In recent years, IFTA and IRP have adopted language regarding the adequacy of records to conduct an audit. This gives auditors latitude in determining whether records are auditable even when they don’t entirely meet IFTA/IRP requirements (many jurisdictions conduct IFTA and IRP audits at the same time).
For example, some fleets can give an auditor a neatly wrapped package of source documents, monthly summaries, and all the fuel receipts. Others offer a shoebox full of unsorted papers. Or a “dog ate my data” shrug.
At this point, the auditor can determine whether there are sufficient records to do the job. Some auditors will work with the shoebox and some won’t, and no one is going to believe the dog story.
According to the 2016 IRP annual report, 30% of carriers were determined to have inadequate records.
In California, auditors determined that 418 of 559 audits involved inadequate records. That’s right, auditors determined that 75% of carriers in the state had records that were inadequate for audit—to the tune of $1,113,926.90 in dollars assessed.

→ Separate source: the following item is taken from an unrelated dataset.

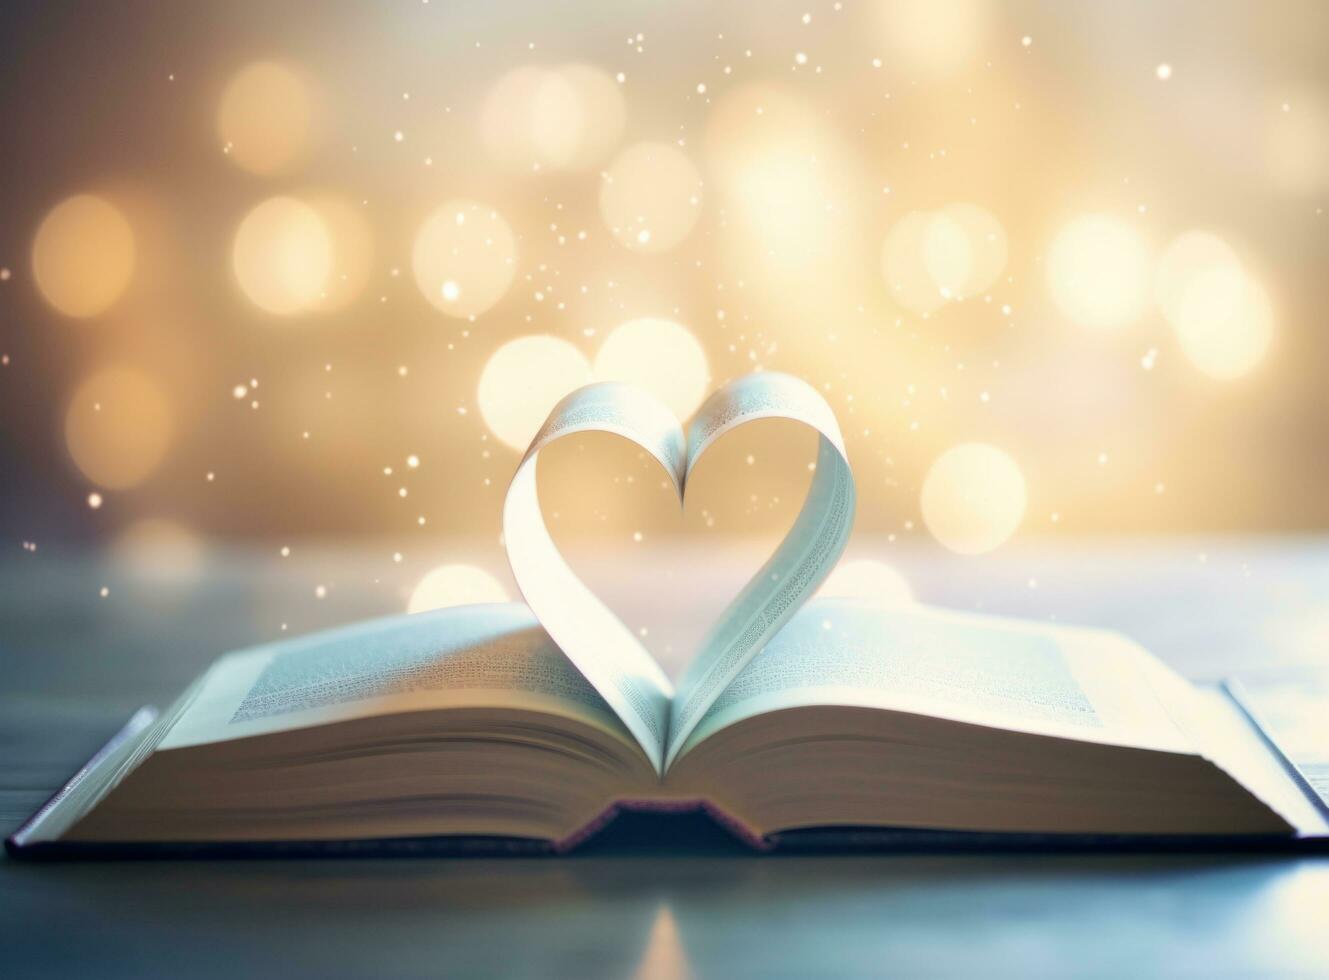 AI generated an open book shaped like a heart against the light of the background photo

The problem isn’t limited to big states. Prince Edward Island conducted seven audits and assessed five as having inadequate records, or 77%. New Jersey conducted 466 audits and 356, or 76%, involved inadequate records.
The penalties can add up.
On a first offense in an IRP assessment, you’ll pay an additional 20% of the fees you paid when you apportioned your vehicles. For a second offense, the penalty is 50% of your apportioned fees. Third time, it’s 100%.
Now multiply that amount by two or three since a typical audit period can be anywhere from one to three years.
IFTA will assess based your KPL/MPG factor by either bringing it down to 1.7 KPL/4 MPG or reducing your KPL/MPG by 20%. Not only that, they can disallow any credit for tax paid at the pump. There’s a whole bunch of “it depends” surrounding an IFTA assessment, but penalties can be substantial.
Remember, an audit is subjective. If you know the rules and can defend your recordkeeping choices, you’ll likely be OK. But if you haven’t done your homework or your records are a mess, you’re going to wish you hadn’t played hooky when the teacher was telling you to brush up on your IFTA/IRP reporting skills.
Sandy Johnson has been managing IFTA, IRP, and other fleet taxes for more than 25 years. She is the author of the book, 7 Things You Need to Know About Fleet Taxes, and operates www.northstarfleet.com, which provides vehicle tax and license compliance services for trucking operations. She can be reached at 1-877-860-8025 or email@example.com.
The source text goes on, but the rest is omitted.